- [Exercise brief] Reproduce only this range: the line holding "Podwiązka ślubna z" through the last line of the data below, both included, exactly, with no pictures.
- Opening Delimiter -
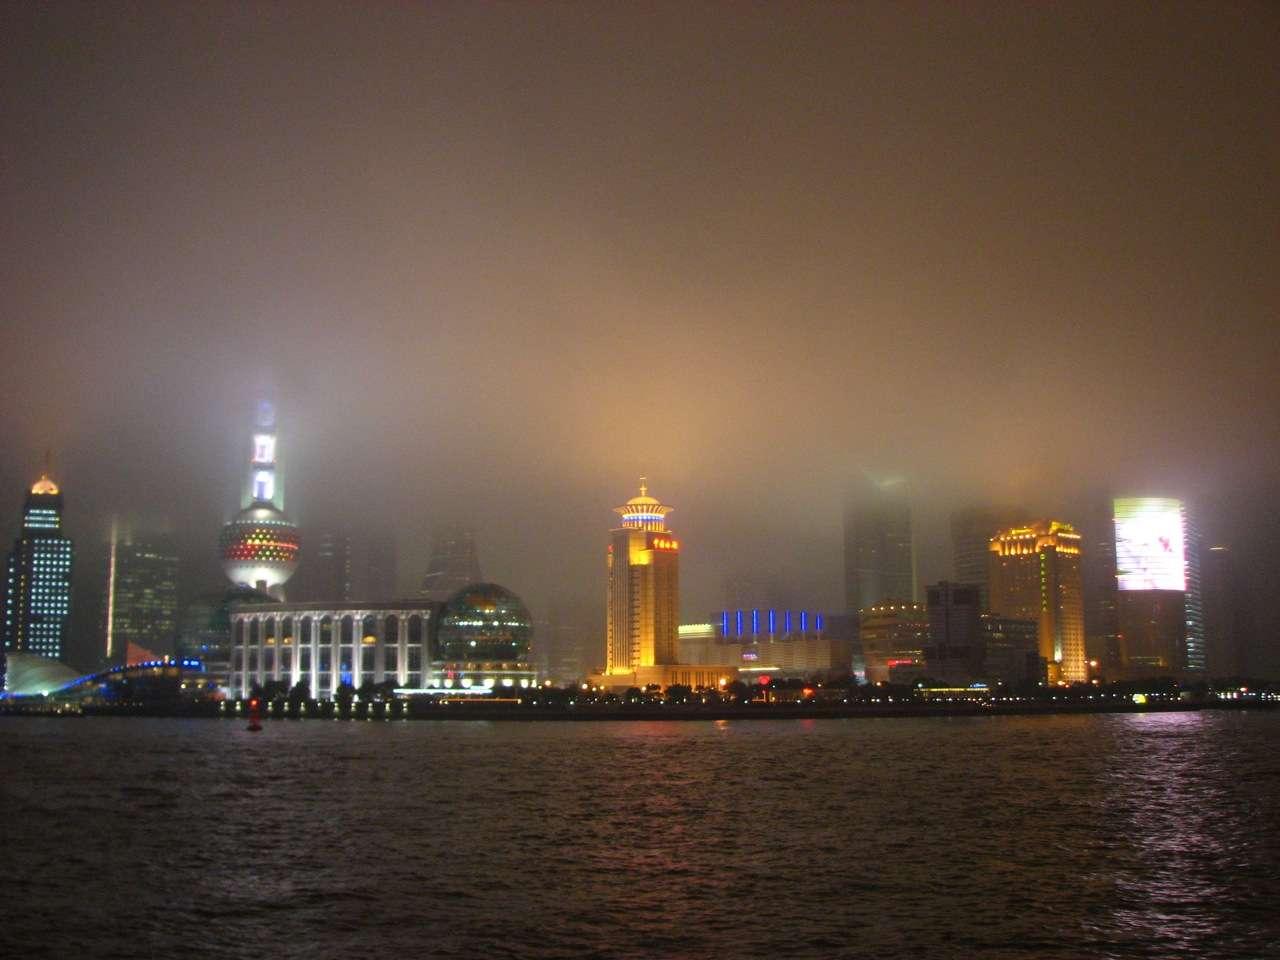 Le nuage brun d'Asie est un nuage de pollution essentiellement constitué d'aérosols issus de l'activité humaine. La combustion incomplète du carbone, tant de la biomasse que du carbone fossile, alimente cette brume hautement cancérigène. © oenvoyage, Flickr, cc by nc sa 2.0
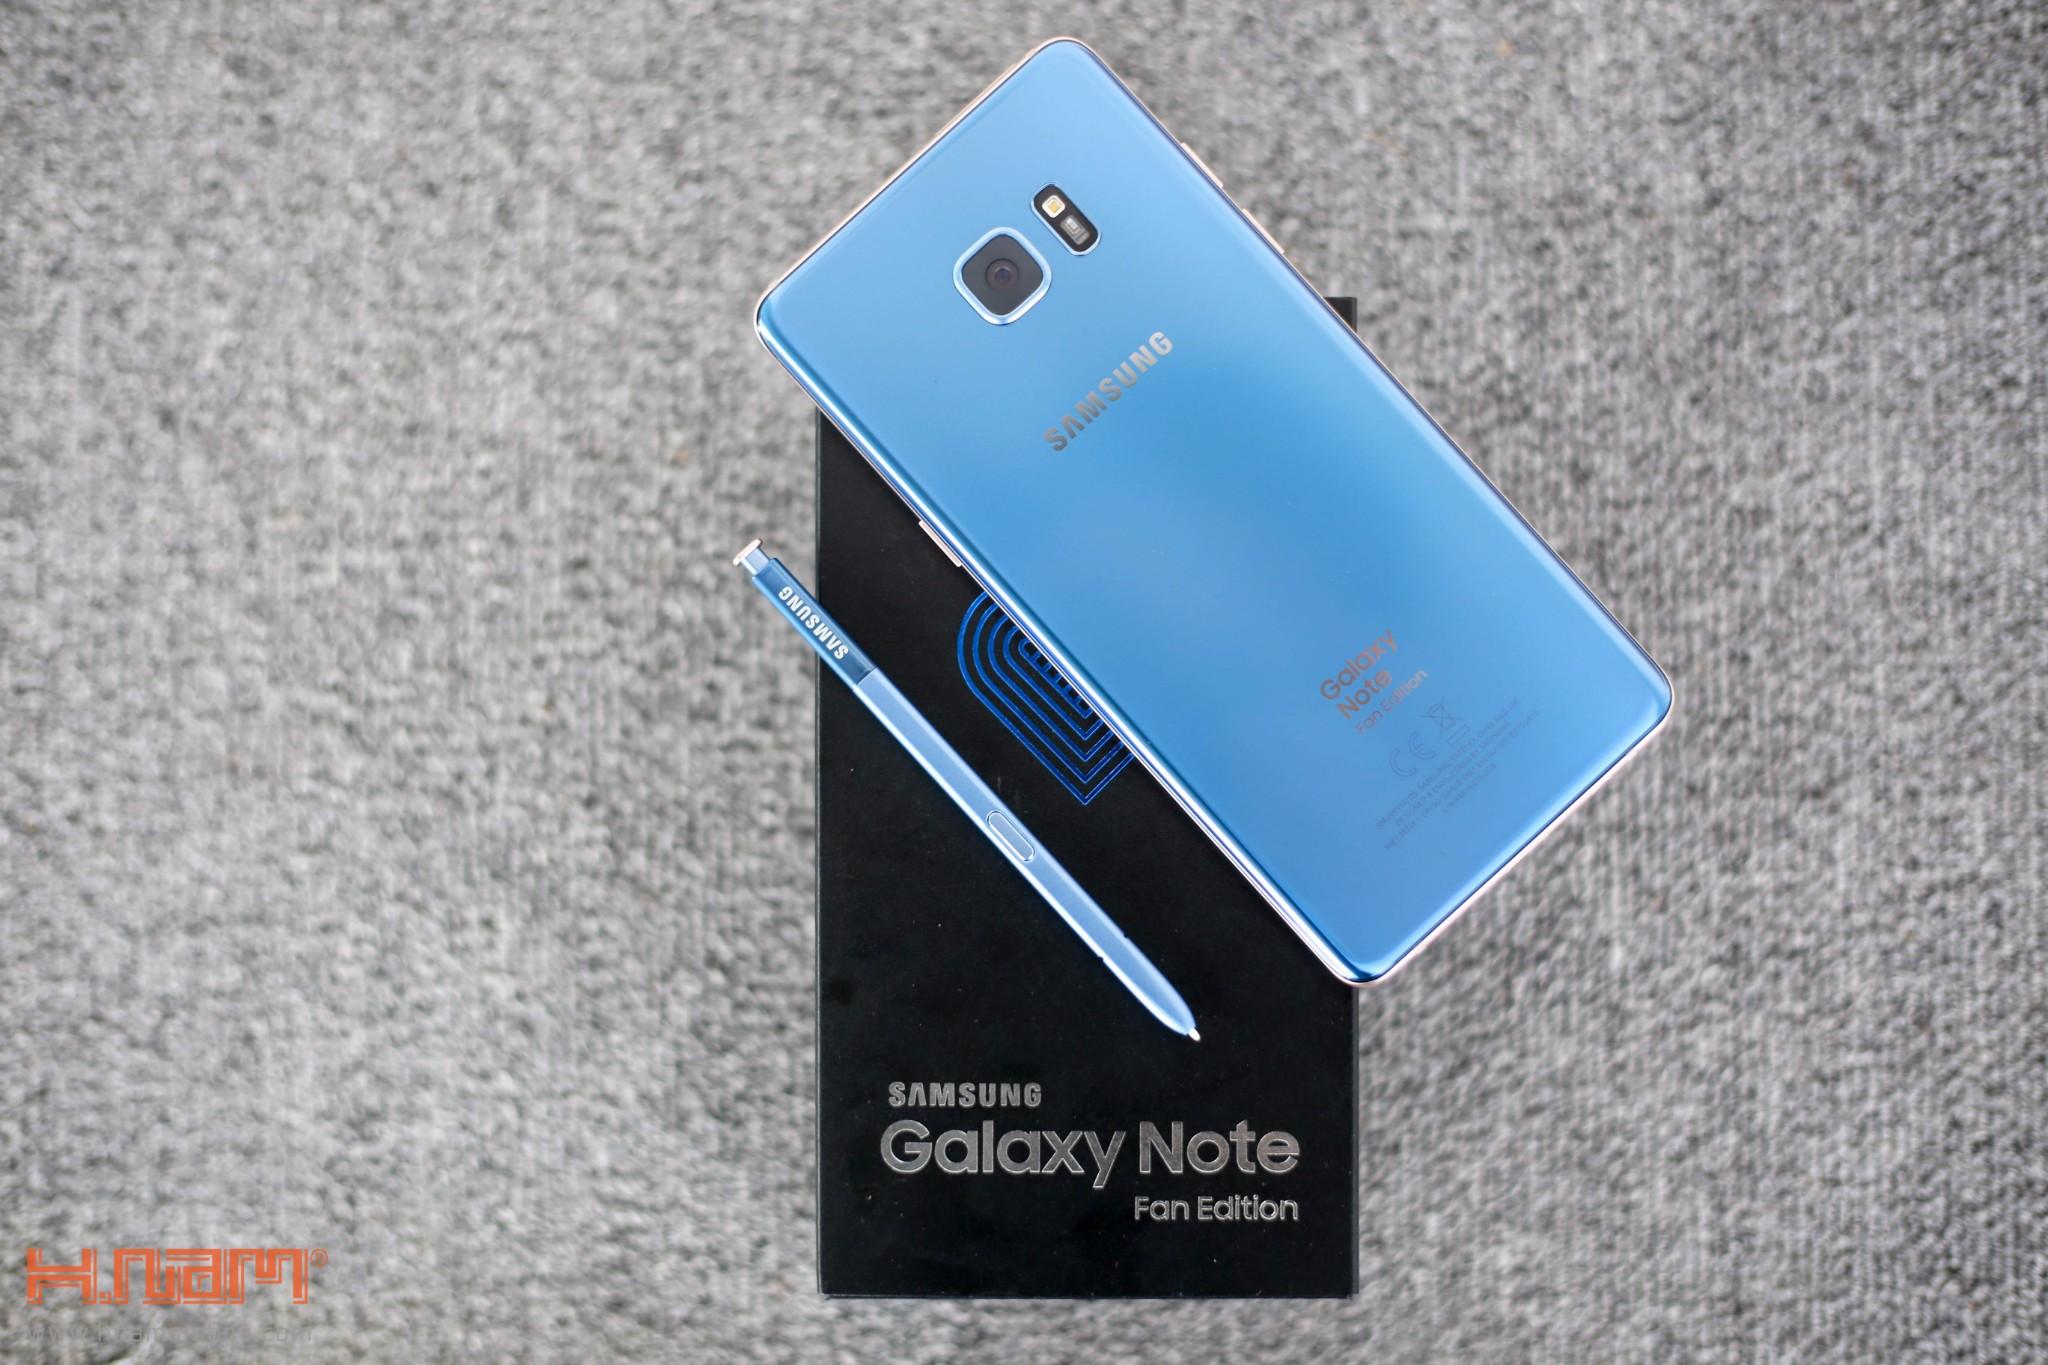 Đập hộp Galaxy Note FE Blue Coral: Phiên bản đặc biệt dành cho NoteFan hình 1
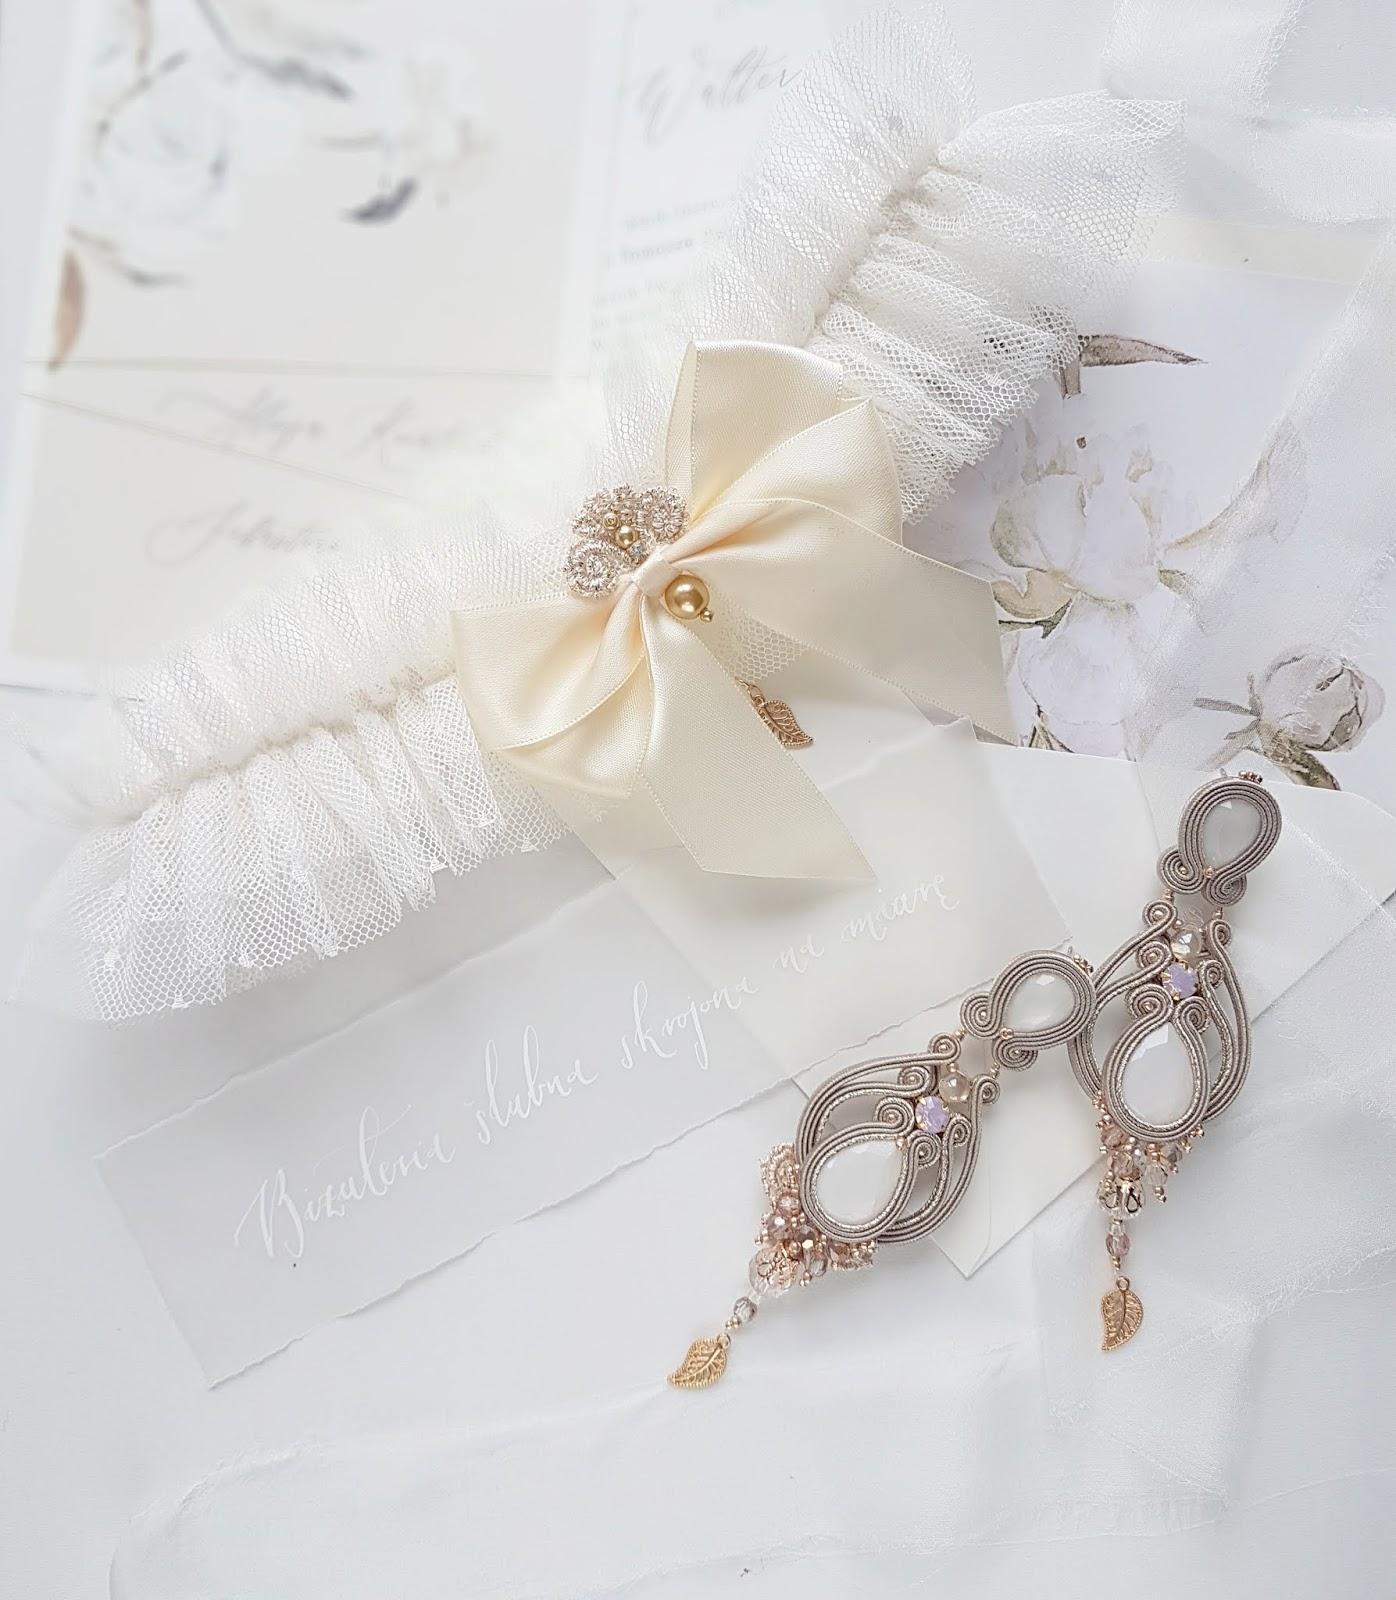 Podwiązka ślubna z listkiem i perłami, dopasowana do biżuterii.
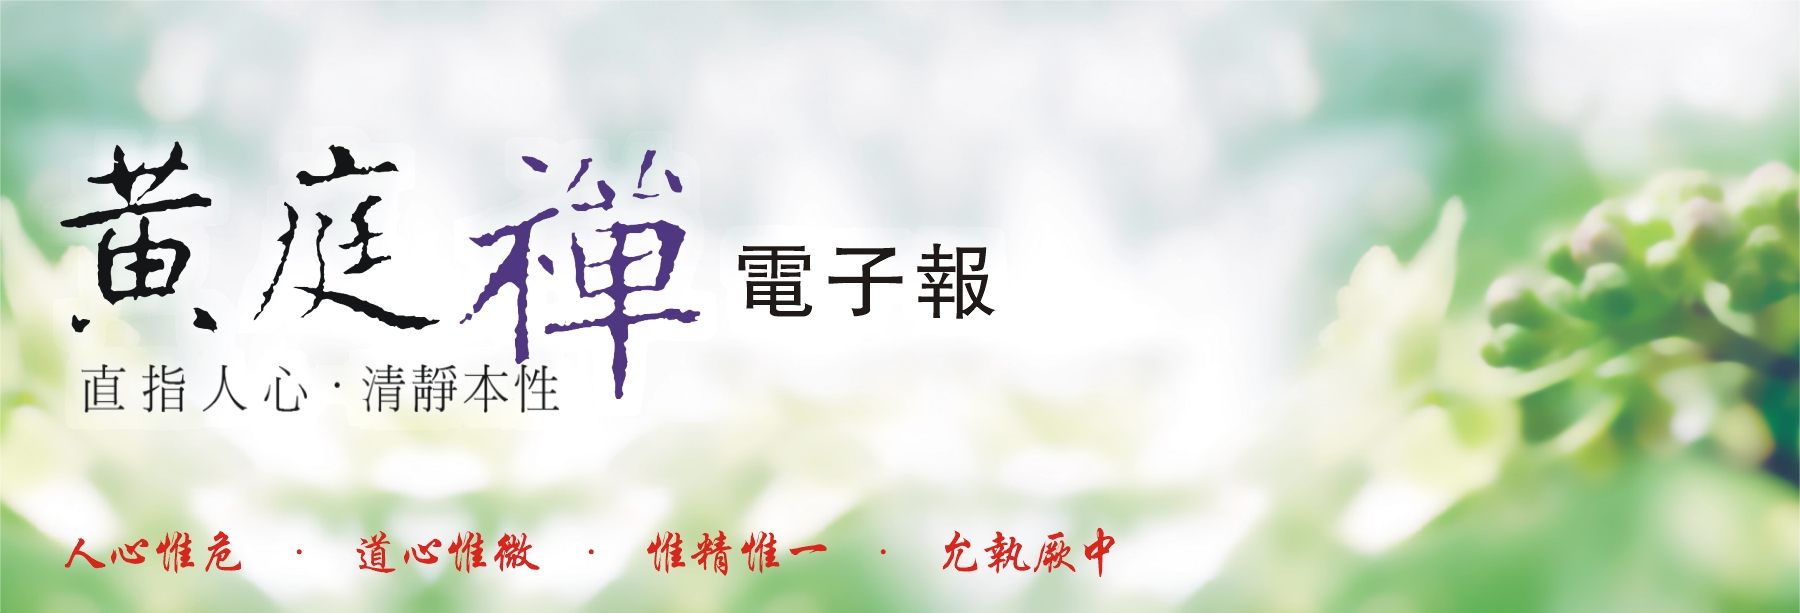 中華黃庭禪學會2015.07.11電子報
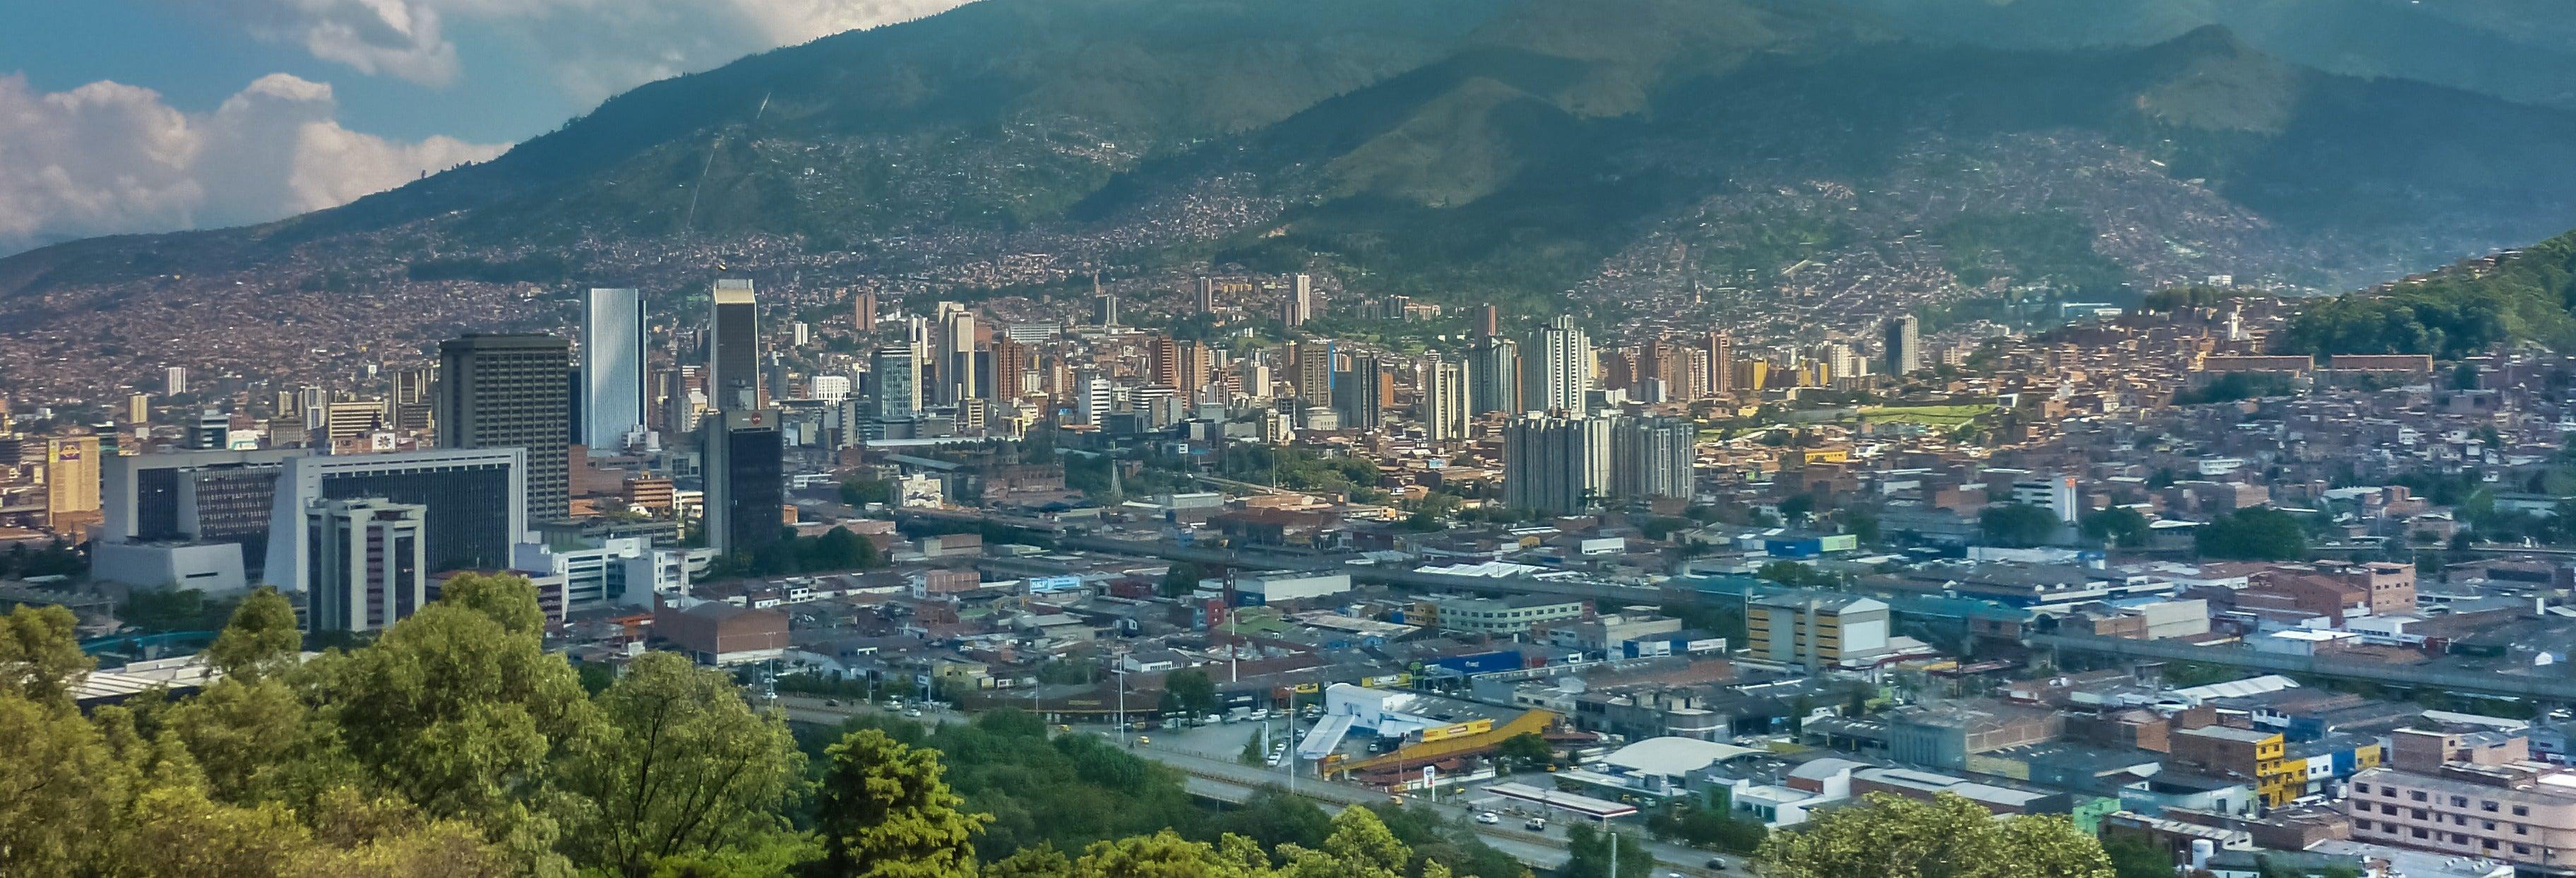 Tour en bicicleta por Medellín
- Closing Delimiter -
- [Answer to the exercise]
 Podwiązka ślubna z listkiem i perłami, dopasowana do biżuterii.
 中華黃庭禪學會2015.07.11電子報
 Tour en bicicleta por Medellín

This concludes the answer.